Während die Bezeichnungen Psalm und Psalter auf eine musikalische Tradition und den Vortrag von Psalmen verweisen, wird mit den Bezeichnungen tehillīm „Preisungen“ (tehillāh als Lobpreis Gottes; „…und mein Mund wird deinen Lobpreis verkündigen“, Ps 51,17b), und tepillāh „Gebet“ (so in der vorläufigen Schlussnotiz Ps 72,19 „Ende der Gebete Davids“) die Rede zu, mit und auch über Gott in den Blick genommen. Die Psalmen sind, als poetische Texte, das eine wie das andere, Lied, begleitet mit Saitenspiel, Lobpreis und Gebet.

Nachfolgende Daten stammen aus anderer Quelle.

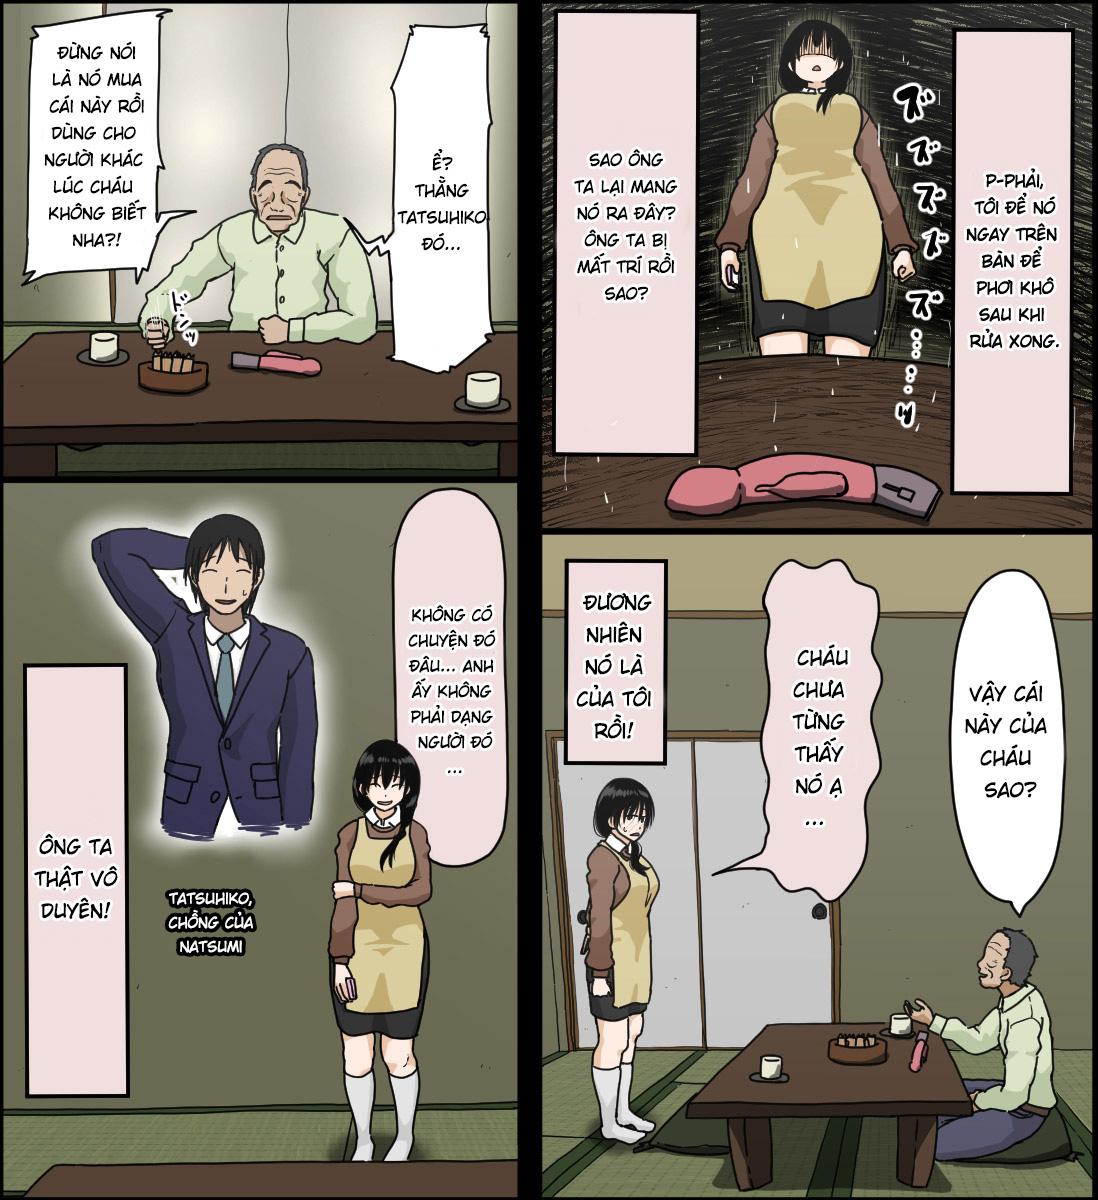 HentaiVN.net - Ảnh 5 - Sasaki Natsumi no Shikyuu ga Ochita Hi - 佐々木夏実の子宮が堕ちた日 - Full ( gộp 3 chap )

Mit Aufkommen der Gattungsforschung Ende des 19. und Anfang des 20. Jh.s wurden Einzelpsalmen auf bestimmte wiederkehrende Muster bezüglich ihrer Form und ihrer institutionellen Einordnung, d.h. ihres sog. Sitzes im Leben, hin befragt. Die Klagelieder des Einzelnen (s. Ps 13) erweisen sich als größte derart als Gruppe erkennbare Psalmen. Ihnen liegt i.d.R. eine recht klare Struktur zugrunde (Anrufung, Klage, Bitte, Vertrauensbekenntnis/Lobgelübde). Der immer wieder als auffällig wahrgenommene Stimmungsumschwung von der Klage zum Lob/Dank wurde mit diversen Theorien zu erklären versucht. Letztlich bleibt jedoch vor allem festzuhalten, dass „hinter der Wende von der Klage zum Lob ein Prozess, genauer: ein Gebetsprozess steht, der von Anfang an, d.h. mit Beginn des Betens, in Gang kommt und den ganzen Text durchzieht“ (Janowski, Konfliktgespräche, 77). Formal weniger deutlich strukturiert, inhaltlich jedoch gut zuzuordnen, sind die Klagelieder des Volkes (z.B. Ps 79).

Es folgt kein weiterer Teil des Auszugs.